**AVAILABLE DATA:**
◇ ◇ ◇ ◇
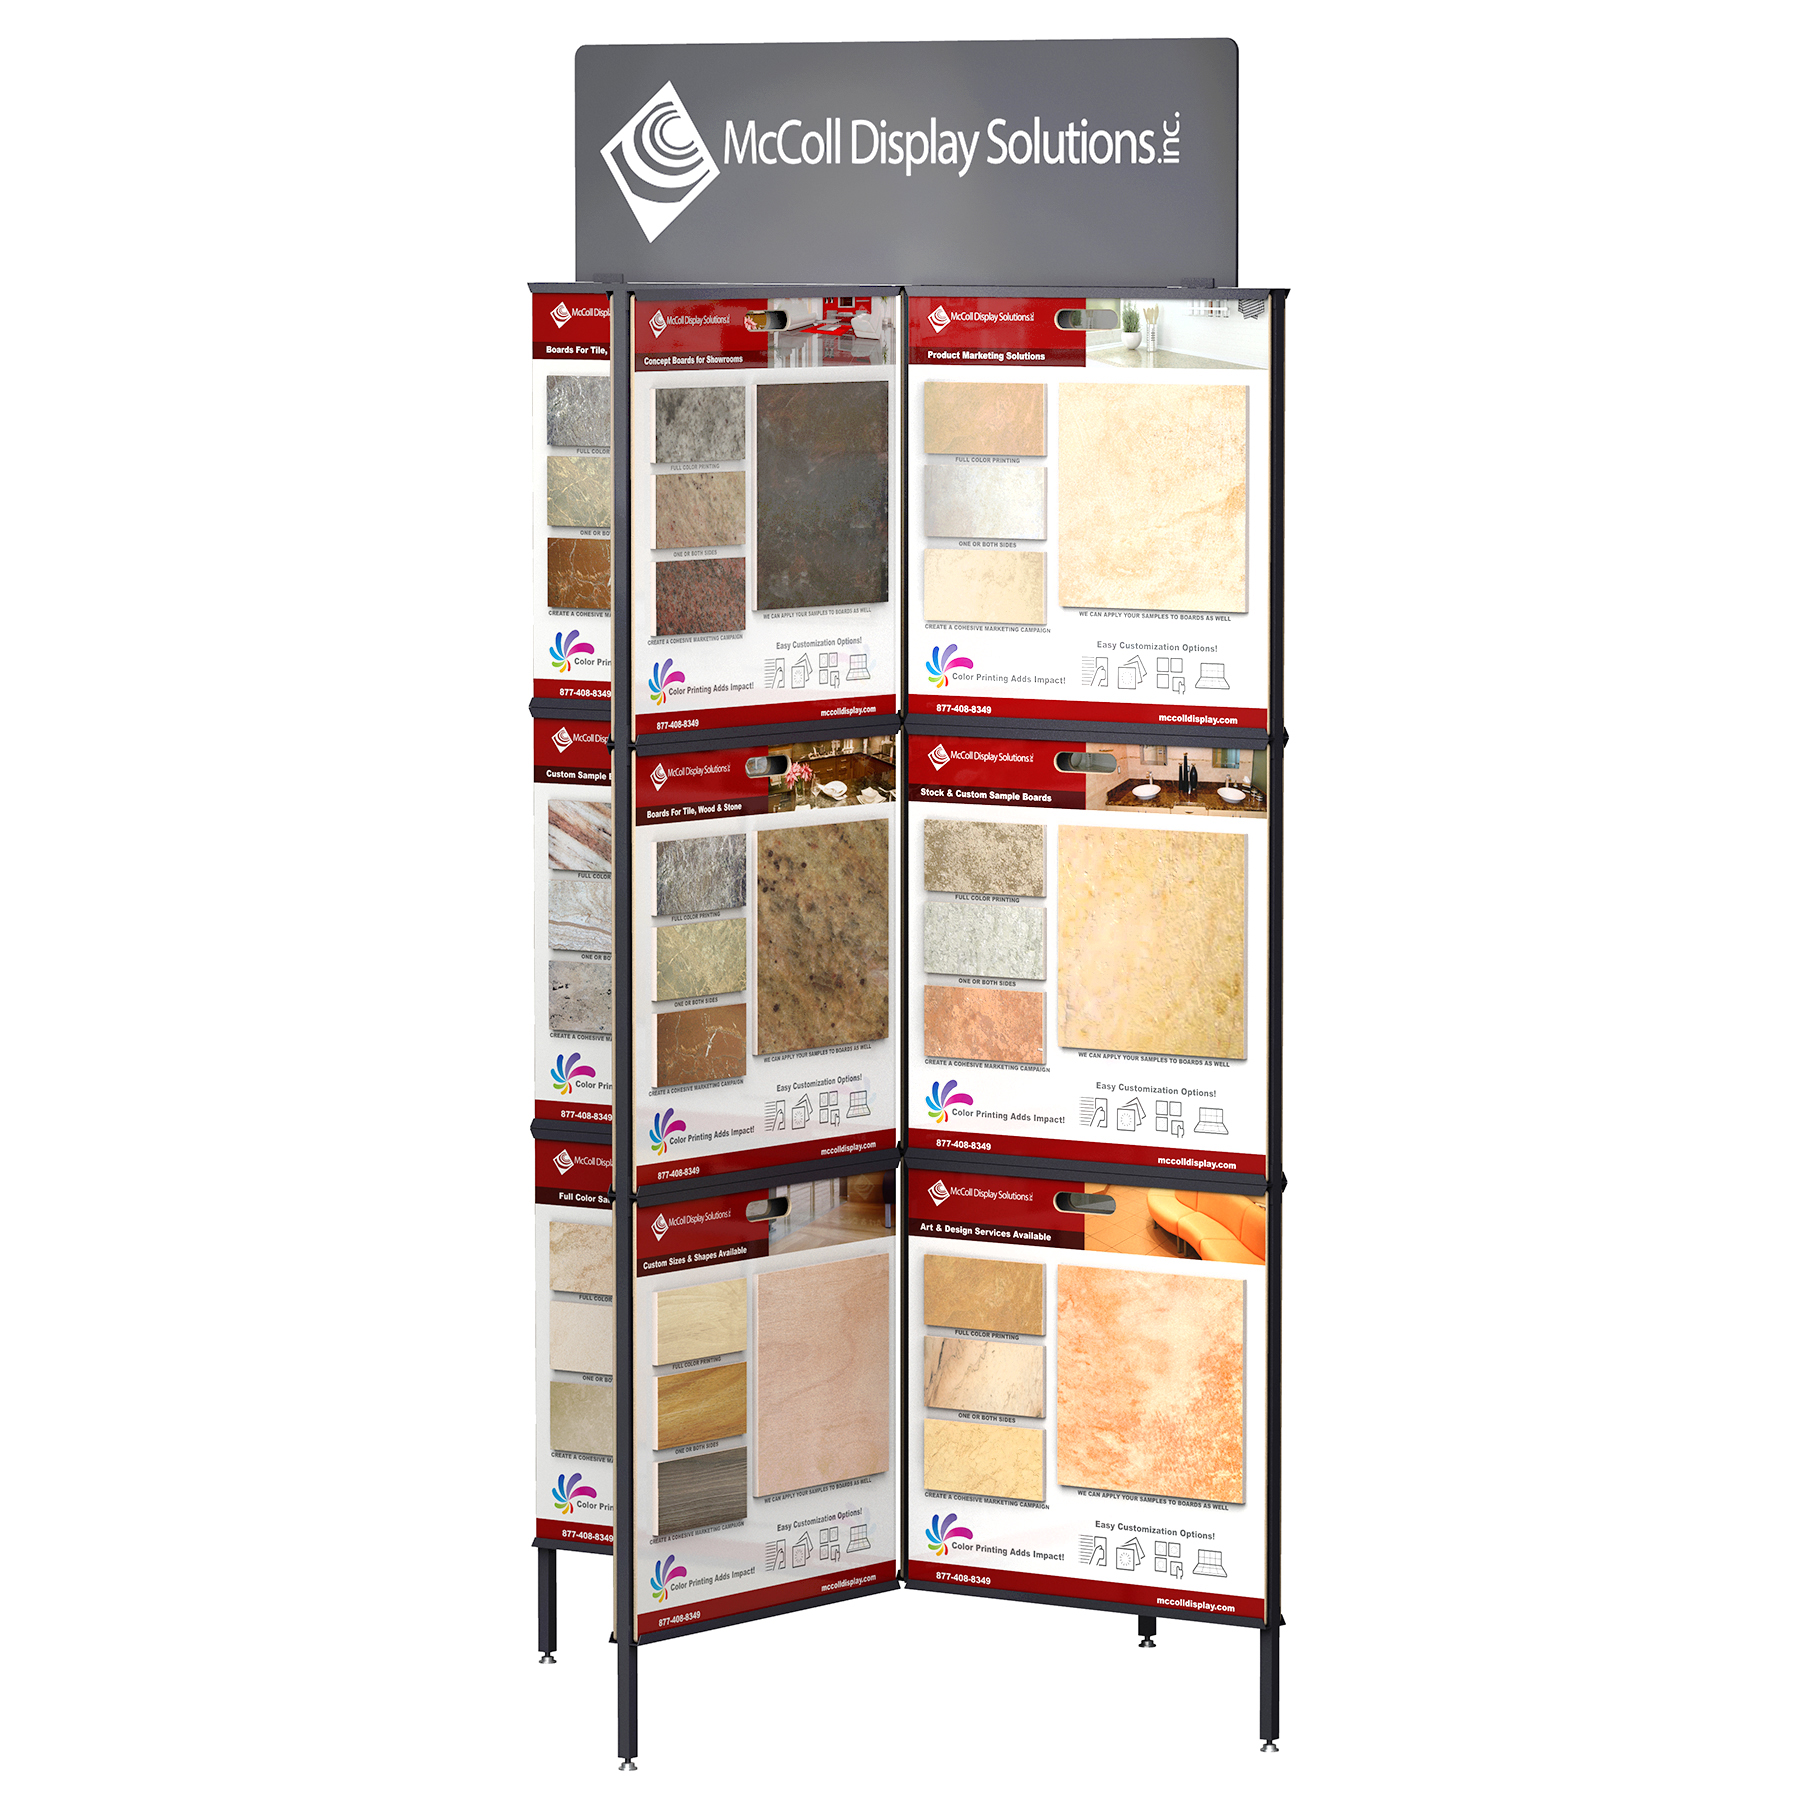 CD40 Tower Sample Board Tile Stone Marble Hardwood System Showroom Displays McColl Display
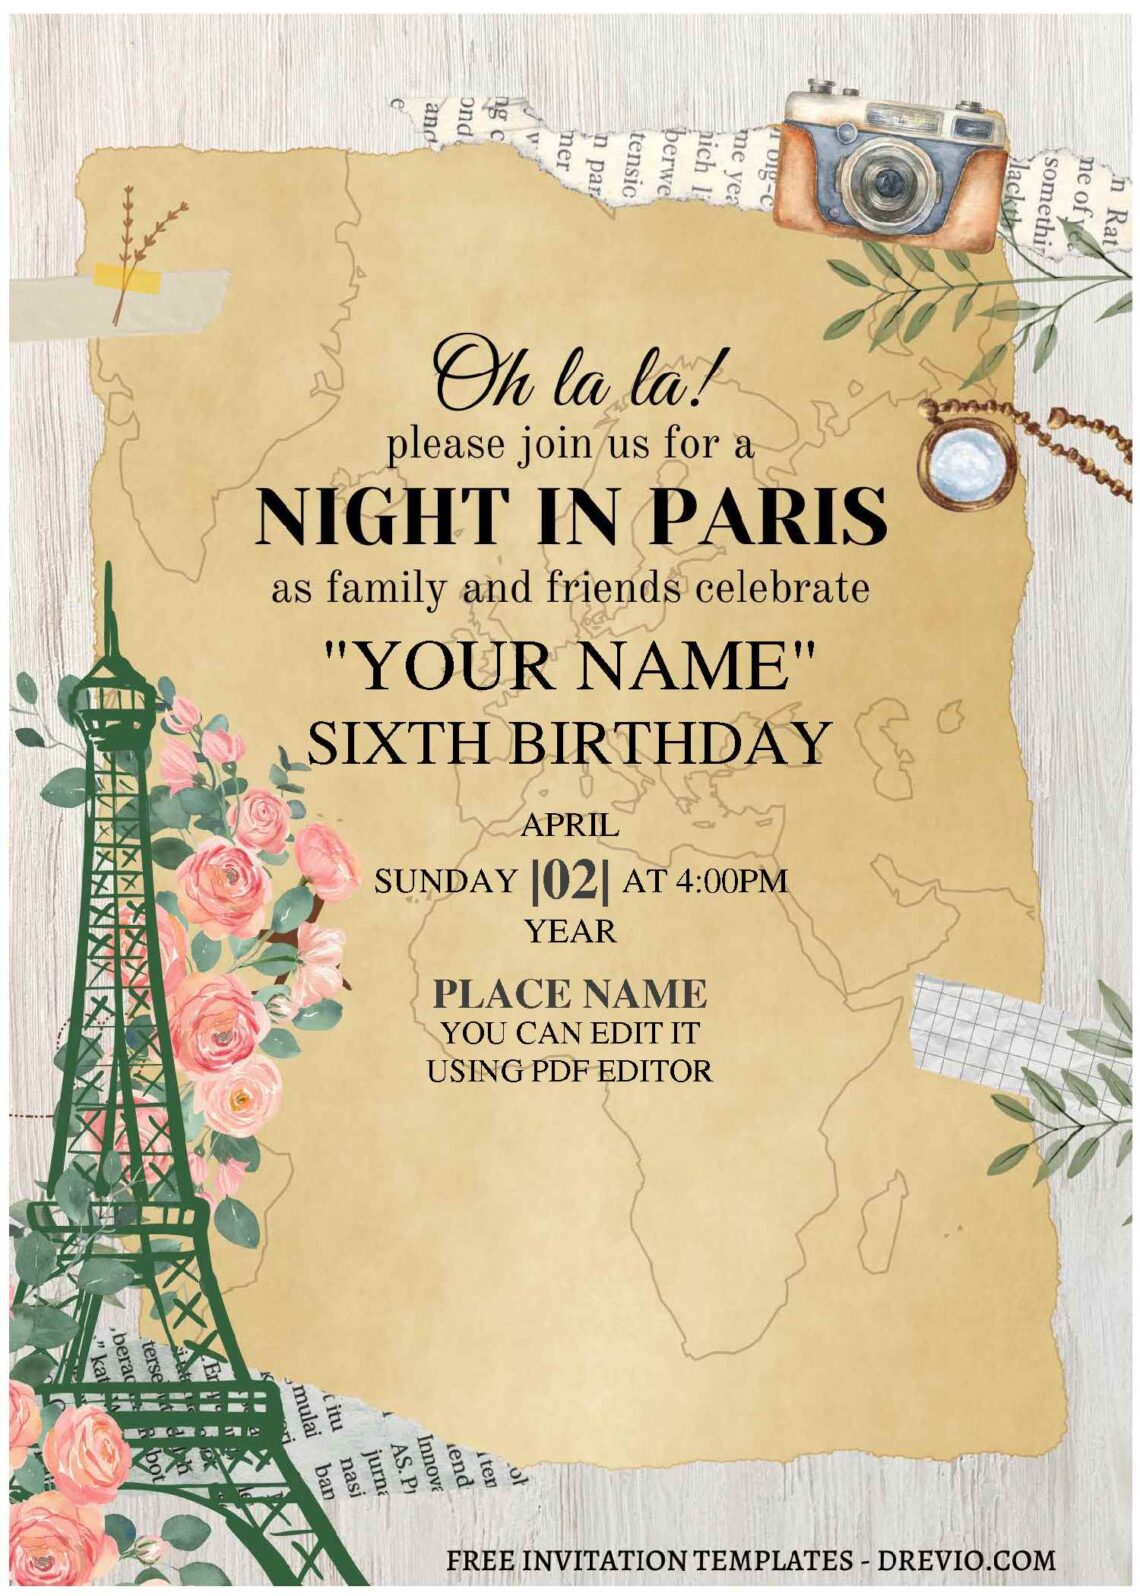 (Free Editable PDF) Oh La-La Paris Birthday Party Invitation Templates B
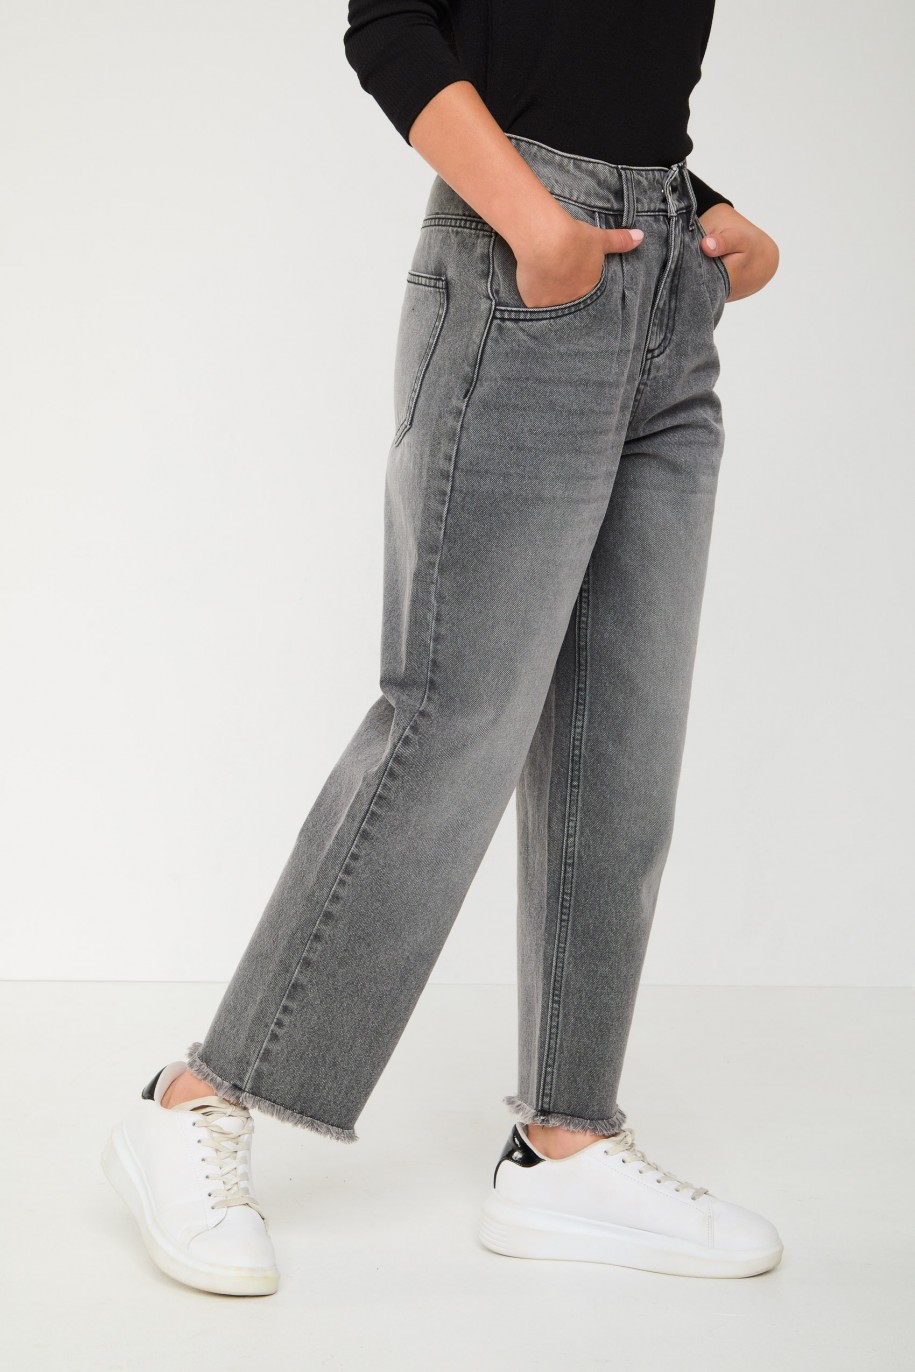 Szare jeansy typu SLOUCHY - 43838
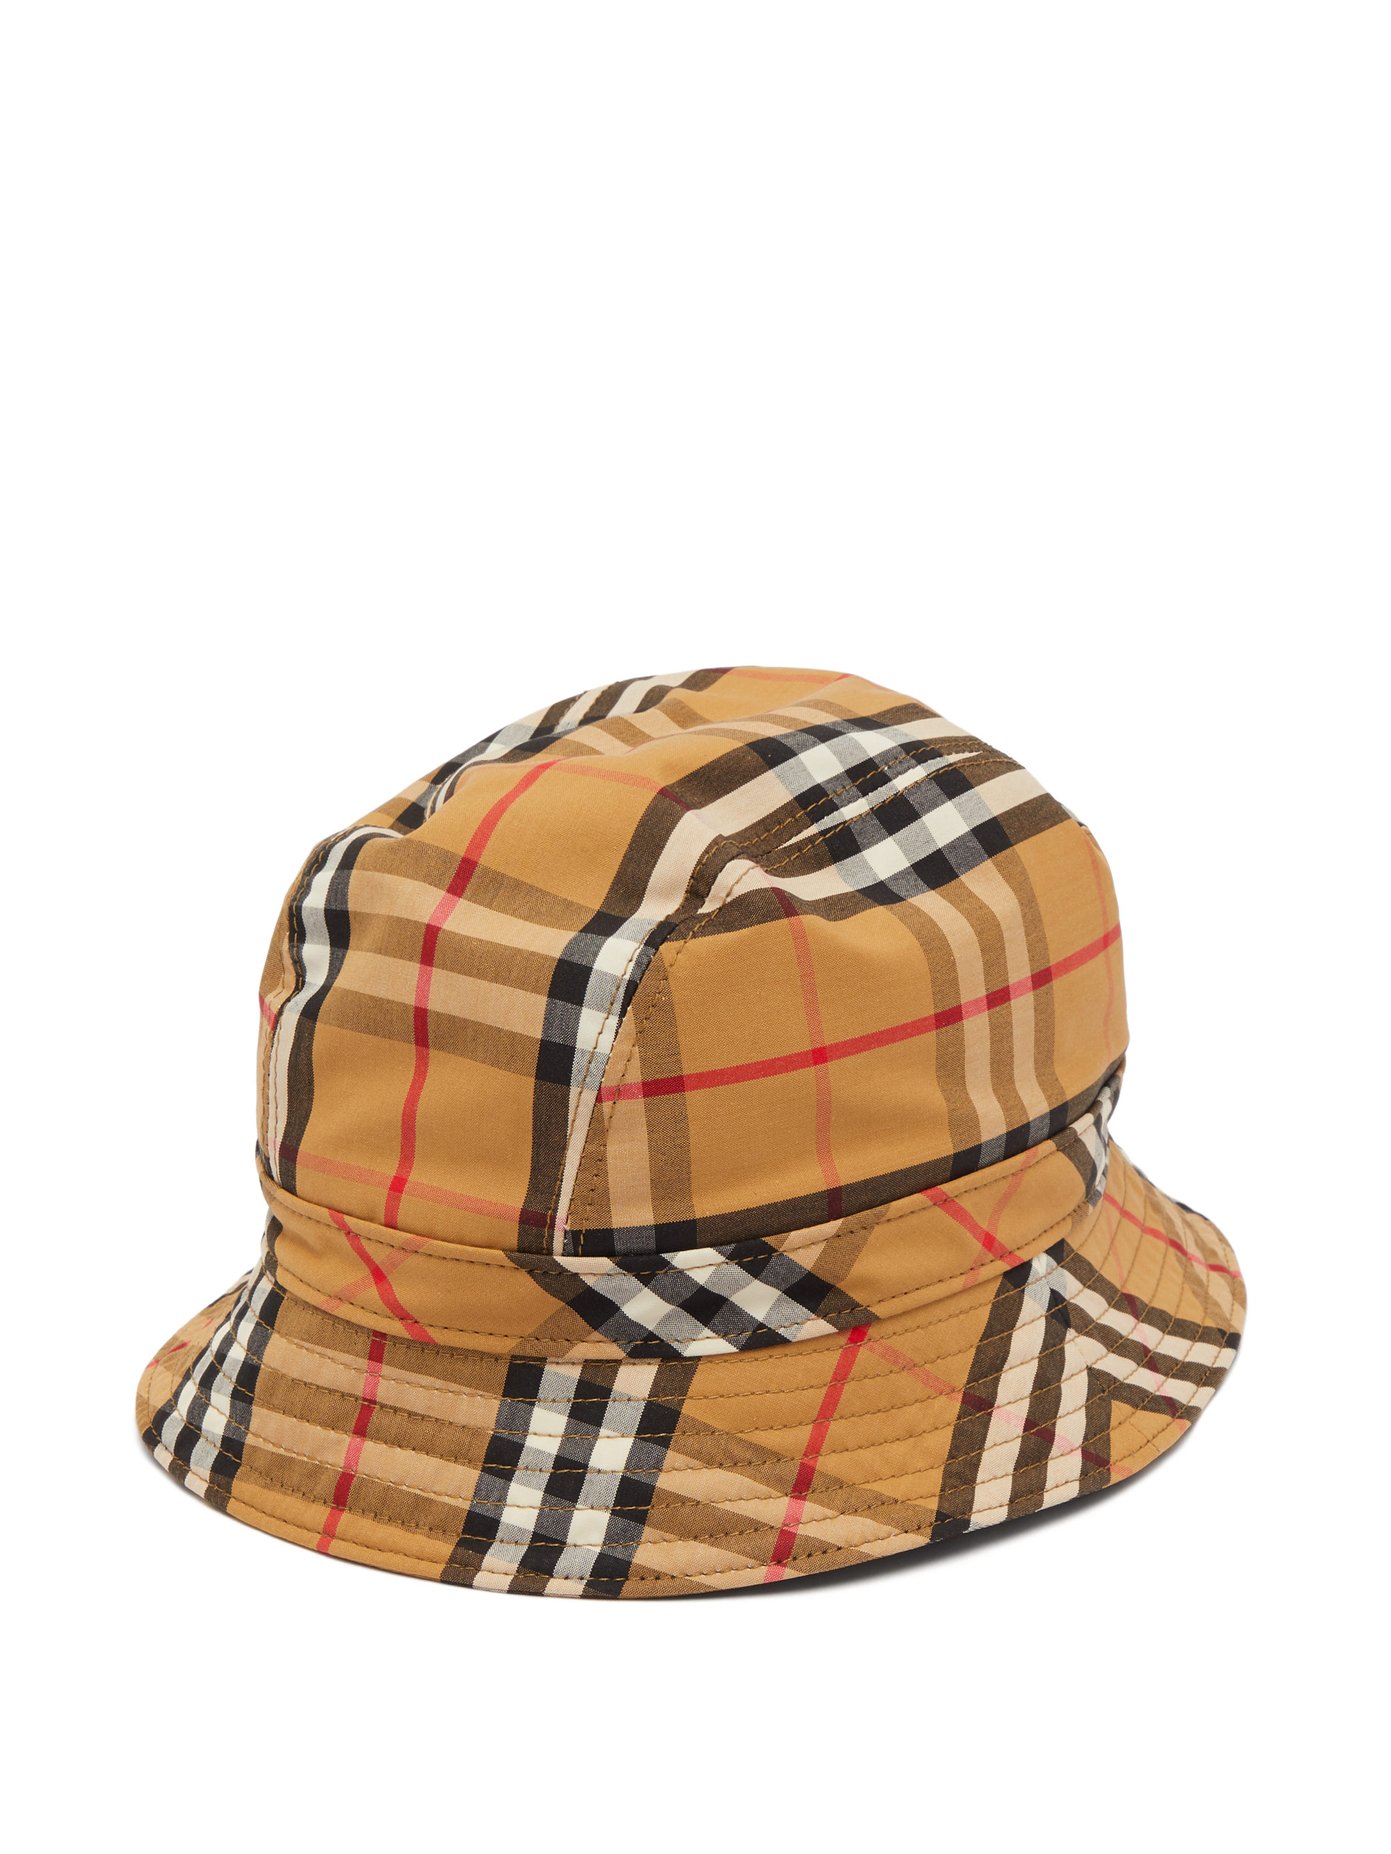 burberry vintage check hat
◇ ◇ ◇ ◇
**WHAT THE TASK ASKS:** Leave out the images and repeat the rest of the data word for word.

**RESPONSE:**
 CD40 Tower Sample Board Tile Stone Marble Hardwood System Showroom Displays McColl Display
 (Free Editable PDF) Oh La-La Paris Birthday Party Invitation Templates B
 Szare jeansy typu SLOUCHY - 43838
 burberry vintage check hat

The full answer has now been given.